Firms such as SAP have plenty of reasons to be concerned about the AI agent threat from OpenAI and others. During an investor presentation earlier this year, for instance, OpenAI leaders said they expected the company’s future products targeting businesses to replace software from firms including Salesforce, Workday, Adobe and Atlassian, The Information reported.
SAP’s shares are down around 28% this year and more than 40% over the past 12 months, largely due to investors’ fears about how AI could affect its business. AI threats don’t appear to have impacted its revenue growth and profits so far. Similarly, Atlassian shares soared last week after the software firm reported a big jump in revenue, suggesting AI hasn’t hit it hard either, though its stock price is still down 40% this year.
A spokesperson said in a statement that “SAP is working with its partners to define access” for AI agents and that the company already allows customers to use agents powered by Microsoft, Google, Amazon and IBM to access their data in SAP apps. They said SAP has “great engineering collaboration with different frontier AI companies, including Anthropic, and we will be publishing more agentic integration architectures soon.”
That suggests SAP may be near a deal to allow Anthropic’s Claude Code or Cowork customers to access their data in SAP. (Spokespeople for Anthropic and for OpenAI, which is developing its own product for creating AI agents that access enterprise apps, didn’t respond to requests for comment.)
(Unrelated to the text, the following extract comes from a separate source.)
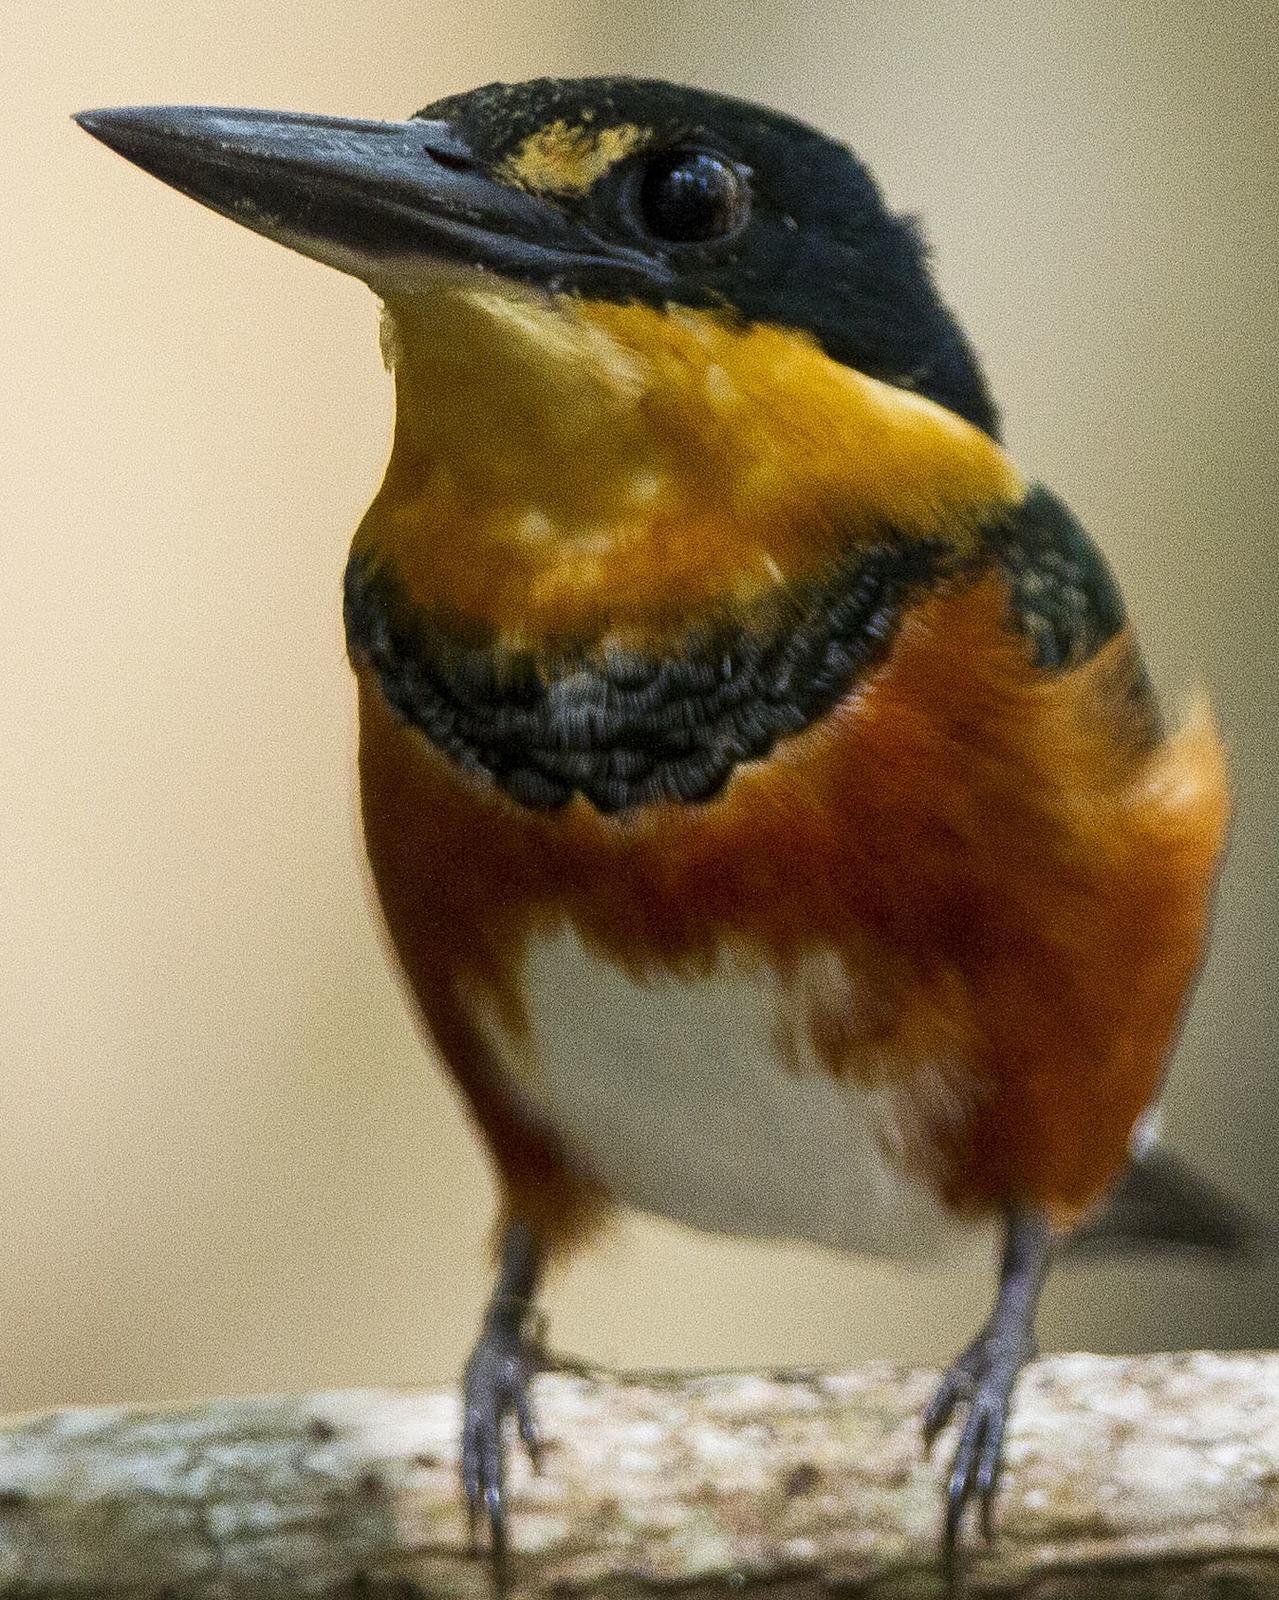 American Pygmy Kingfisher Photo by John Oates

On the other hand, the spokesperson said, “open-source AI agent harnesses” like OpenClaw have “documented security and enterprise readiness risks that must be assessed before connecting them to productive enterprise systems.”
‘Short-Term Pain’
Klein, on an earnings call last month, said SAP and its software peers are likely to experience “short-term pain” as they figure out how to develop and sell AI products.
Some of SAP’s peers are striking a similar harsh tone toward external AI agents. Executives at Workday and HubSpot have indicated they’re not happy with AI agents tapping data in their systems. Workday, Salesforce and ServiceNow have said they would essentially erect tollgates to monetize such traffic, a departure from the free flow of data most software companies have allowed between their applications and others in the past.
SAP leaders have long sought to protect the company’s status as a central place where customers store their data. Several years ago, these leaders, including Klein, became concerned that some customers were using other software firms’ analytics tools to handle data they stored with SAP, according to the former manager. The same issue has arisen in the generative AI era, as customers now use the latest tools from AI firms to analyze their SAP data, this person said.
AI agents pose a similar kind of threat. Many SAP customers build custom software to map out the multiple steps needed to complete tasks like approving expense reports, processing invoices and bringing on new employees. Customers can’t take this code with them if they switch to another provider, which helps SAP keep them in the fold. But agents typically tap applications from multiple providers to carry out their work, which means customers don’t have to rely as much on SAP applications.